Okay, so it has been made clear to me a million times over that I will never pass for a crunchy Vermonter. I will admit that though I have lived here over fifteen years now, as a displaced New York Latina I find it hard to give up some of my old, urban ways. I love make-up, high heels, and wearing lots of black clothing. I talk as fast as a Vermont summer season passes. And when I get together with my New York buddies, we could light Williston with the amount of energy we generate. Though I accept that I am different, I am still surprised at how often I am judged by my appearance. And by people who claim to be progressive. My penchant for New York fashion does not dictate my politics, or my lifestyle.

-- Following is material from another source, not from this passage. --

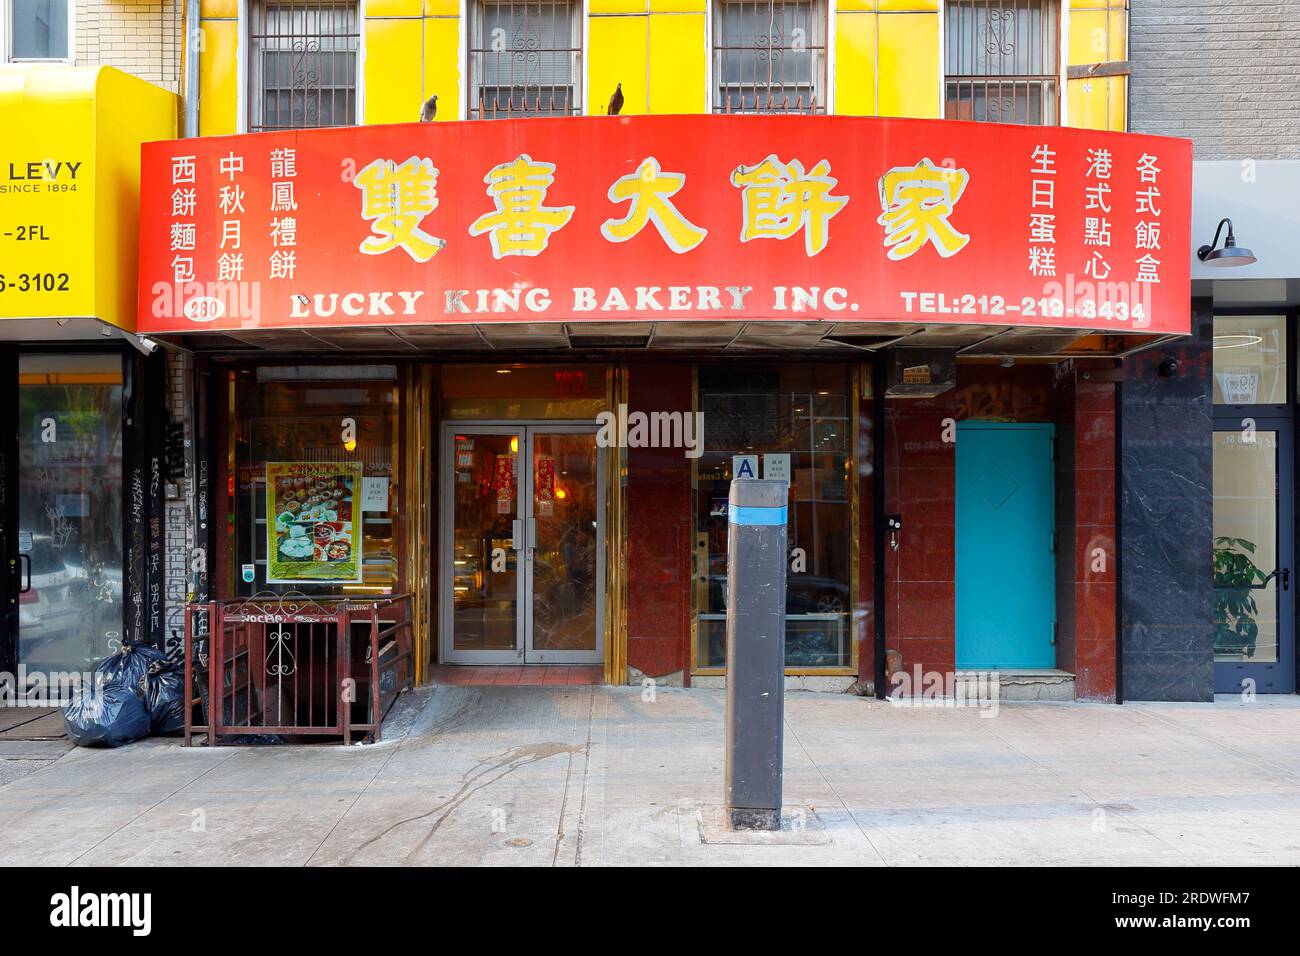 Lucky King Bakery 雙喜大餅家, 280 Grand St, New York, NYC photo de la vitrine d'une boulangerie chinoise dans le quartier chinois de Manhattan. Banque D'Images

I remember an incident during my second winter in Vermont. It was one of the coldest days of the year, and I was shopping in Burlington. I was wearing red lipstick, Gucci-knock-off sunglasses, and a full-length faux fur that I bought myself for my 30th birthday. Besides being fabulous, the coat is also incredibly warm, kind of like wearing a really big bathroom rug. I stopped in to a health food store to stock up on a few things. As I walked through the aisles, I noticed an angry-looking middle-aged woman glaring at me across the organic fruits. I thought nothing of it—being so fresh from New York City I was accustomed to such things—and continued my shopping. She seemed to follow me around the store, and I began to get agitated. Finally, as we neared the check out she spat out, "Murderer! Fur-coat-wearing murderer!" I stopped, dumbfounded. Then I started to feel something rising to the surface inside my gut...yes, it was the girl from the upper west side. I hadn't needed her for over a year, so she had been sound asleep, but as my blood pressure rose, she reared her well-coiffed head. "Funny, I didn't realize that nylon pile was an endangered species!" I yelled back, adding, "If you are gonna criticize strangers honey, you damn well better learn to tell the difference between real and fake fur!" She skulked off with her animal rights-protected tail between her legs, and I worked hard to regain my New England inspired composure and let the inner New Yorker go back to her long winter's nap.
Now though I don't condone the behavior of the militant, nylon-pile activist, with age and mellowing I do recognize that I am an anomaly. I still get stared at when I walk into the Hunger Mountain Co-op with my suit, styled hair and spike heels. But truth be told, the post-hippie culture is the environment in which I feel most at home. Underneath my overly polished exterior, I am certain that these are my people. That is why I had to invent a new term to define myself. To give a name to the nameless. I am a "Lipstick Crunchy." No, this doesn't mean I wear high-heeled Birkenstocks, it means that though I may look and talk like an urban diva, in my depths I am as left-wing and crunchy as the best of them. I love tofu and brown rice. I am an anti-bias scholar who believes that all Vermont families should be treated with respect and kindness. I drive cars with no thought to their appearance, but only their gas mileage. I am a product of progressive education. I knit with natural fibers, hike every Sunday (I give up the high heels for this activity), eat granola and care about the environment.
I figure that if I haven't adapted my look or type-A personality to the comfort-oriented and laid back culture of this beautiful state by now, I probably never will. But that's okay. Perhaps there are others like me out there. Who, for whatever reason, maintain a look that is contrary to their secret lifestyles, but in their chests beat hearts of pure granola.